The father lowered his eyes. He knew well that Harry did not ask for him.
"If it wasn't for these suspicious actions, doctor, I'd let him have the full run of the jail yard, but I dassent let him have any liberties. Why, he can go up the side of the cells like a squirrel! He'd go over our wall like a cat—no doubt of it."
The minister spoke with some effort. "I think you misread my son. He is not one to flee from punishment. He has some other idea in his mind."
To Jack Burns alone, plain, plodding, and slow, Harold showed a smiling face. He met him with a boyish word—"Hello, Jack! how goes it?"—and was eager to talk. He reached out and touched him with his hands wistfully. "I'm glad you've come. You're the only friend I've got now, Jack." This was one of the morbid fancies jail life had developed; he thought everybody had turned against him. "Now, I want to tell you something—we're chums, and you mustn't give me away. These fools think I'm going to try to escape, but I ain't. You see, they can't hang me for stabbing that coward, but they'll shut me up for a year or two, and I've got to keep healthy, don't you see? When I get out o' this I strike for the West, don't you see? And I've got to be able to do a day's work. Look at this arm." He stripped his strong white arm for inspection.
In the midst of the excitement attending Harold's arrest, Dot's elopement was temporarily diminished in value, but some shrewd gossip connected the two events and said: "I believe Clint gibed Harry Excell about Dot—I just believe that's what the fight was about."

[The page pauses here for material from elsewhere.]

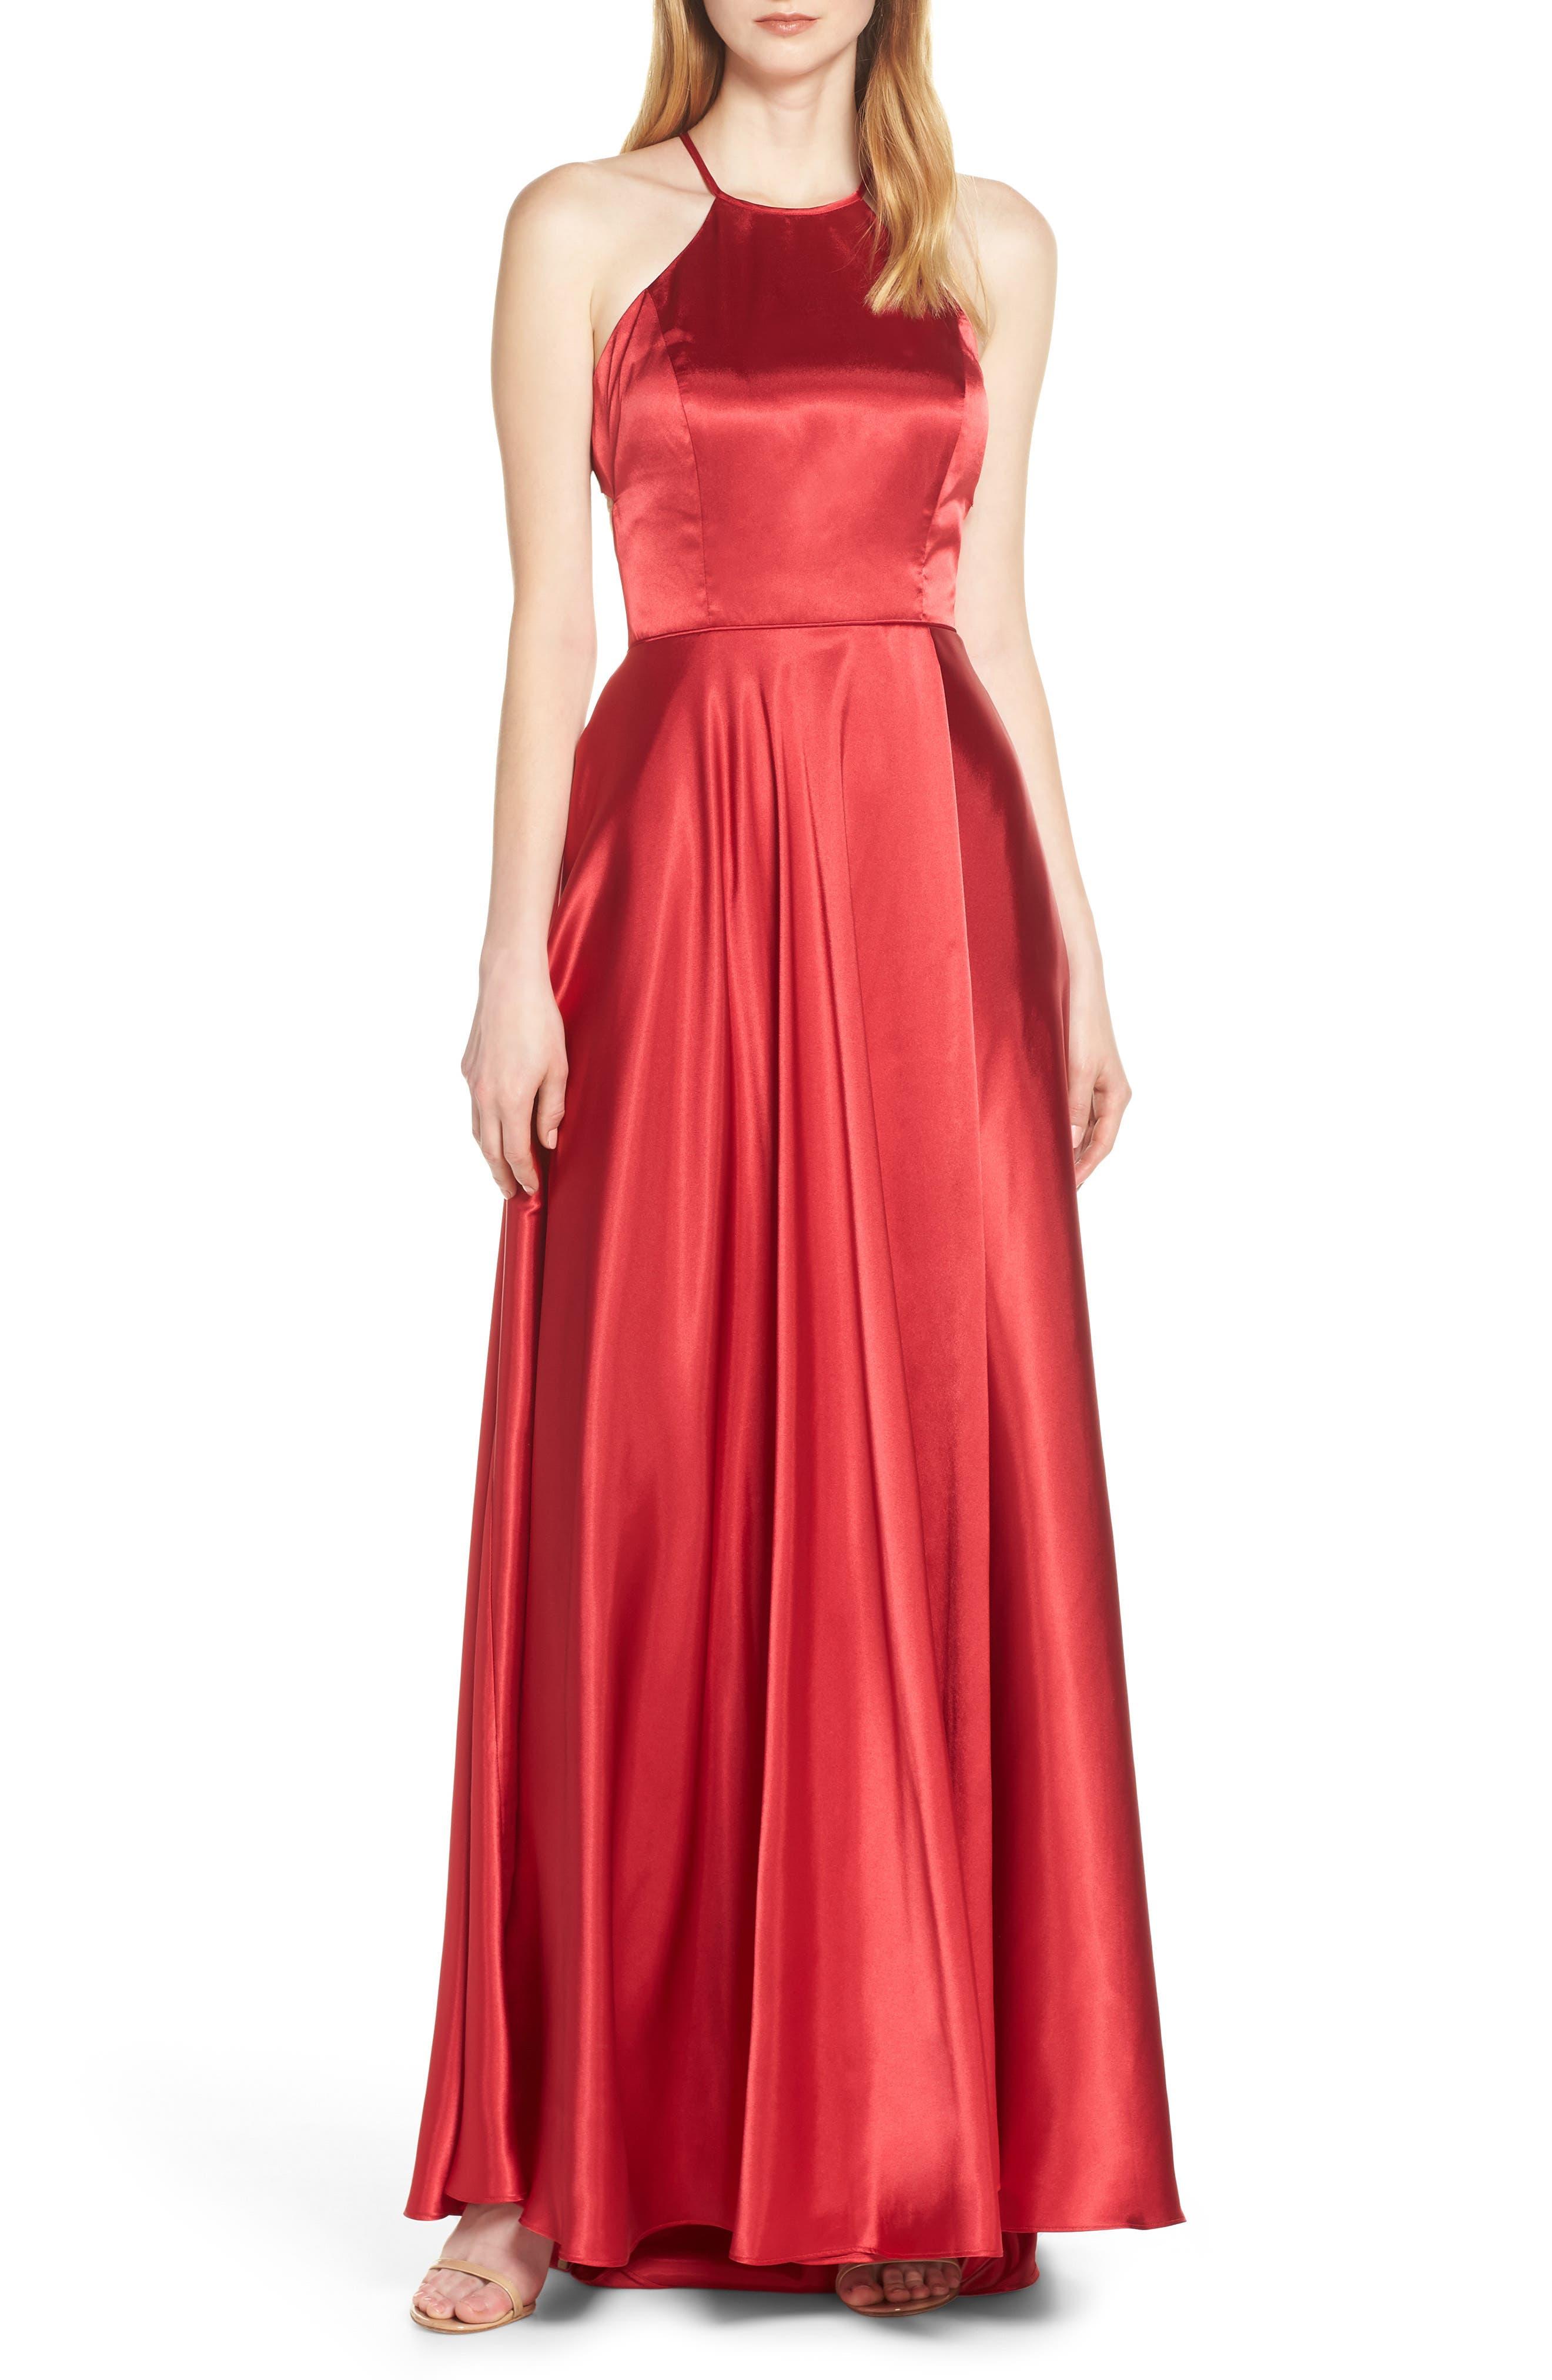 Blondie Nites Back Tie Charmeuse Evening Dress, Red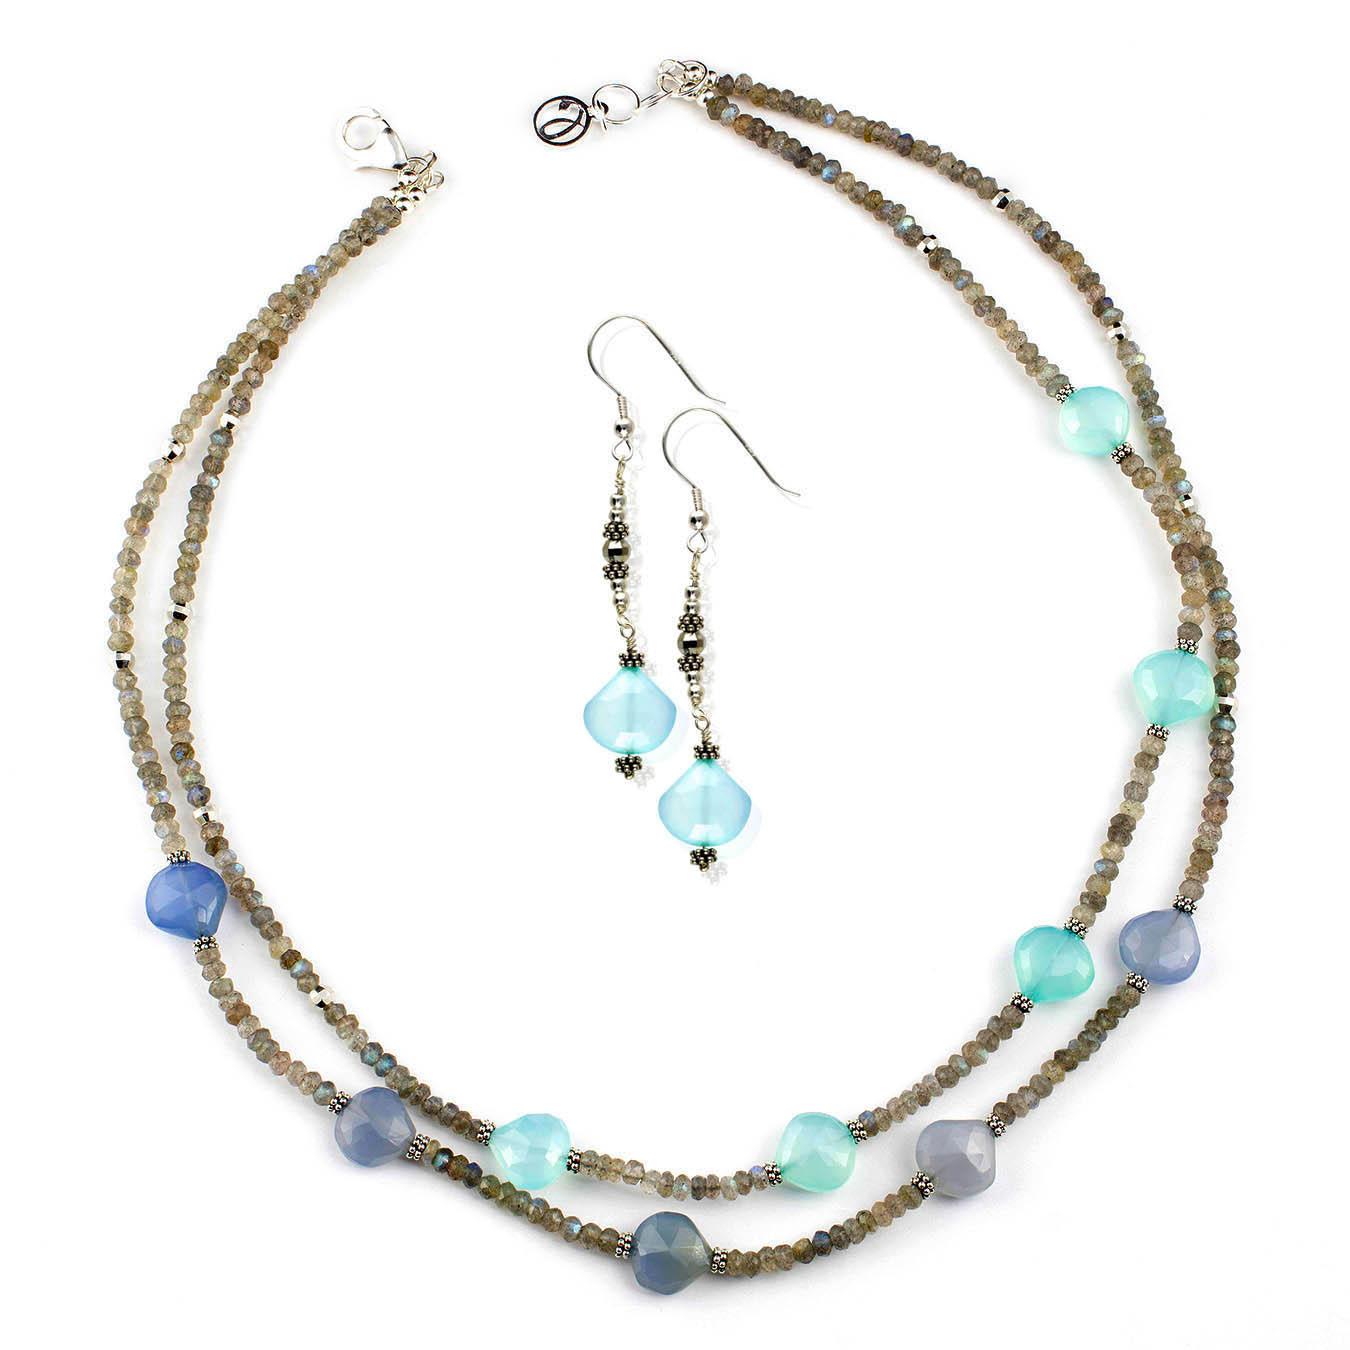 Artisan beaded jewelry made of labradorite and chalcedony gemstones

This being repeated, not as an opinion but as the inside facts in the case, sentiment turned swiftly in Harold's favor. Clinton was shrewd enough to say very little about the quarrel. "I was just givin' him a little guff, and he up and lit into me with a big claspknife." Such was his story constantly repeated.
Fortunately for Harold, the case came to trial early in the autumn session. It was the most dramatic event of the year, and it was seriously suggested that it would be a good thing to hold the trial in the opera house in order that all the townspeople should be able to enjoy it. A cynical young editor made a counter suggestion: "I move we charge one dollar per ticket and apply the funds to buying a fire engine." Naturally, the judge of the district went the calm way of the law, regardless of the town's ferment of interest in the case.
The county attorney appeared for the prosecution, and old Judge Brown and young Bradley Talcott defended Harold.
Bradley knew Harold very well and the boy had a high regard for him. Lawyer Brown believed the boy to be a restless and dangerous spirit, but he said to Bradley:
"I've no doubt the boy was provoked by Clint, who is a worthless bully, but we must face the fact that young Excell bears a bad name. He has been in trouble a great many times, and the prosecution will make much of that. Our business is to show the extent of the provocation, and secondly, to disprove, so far as we can, the popular conception of the youth. I can get nothing out of him which will aid in his defense. He refuses to talk. Unless we can wring the truth out of Slocum on the stand it will go hard with the boy. I wish you'd see what you can do."
Bradley went down to see Harold, and the two spent a couple of hours together. Bradley talked to him in plain and simple words, without any assumption. His voice was kind and sincere, and Harold nearly wept under its music, but he added very little to Bradley's knowledge of the situation.
"He struck me with the whip, and then I—I can't remember much about it, my mind was a kind of a red blur," Harold said at last desperately.
"Why did he strike you with the whip?"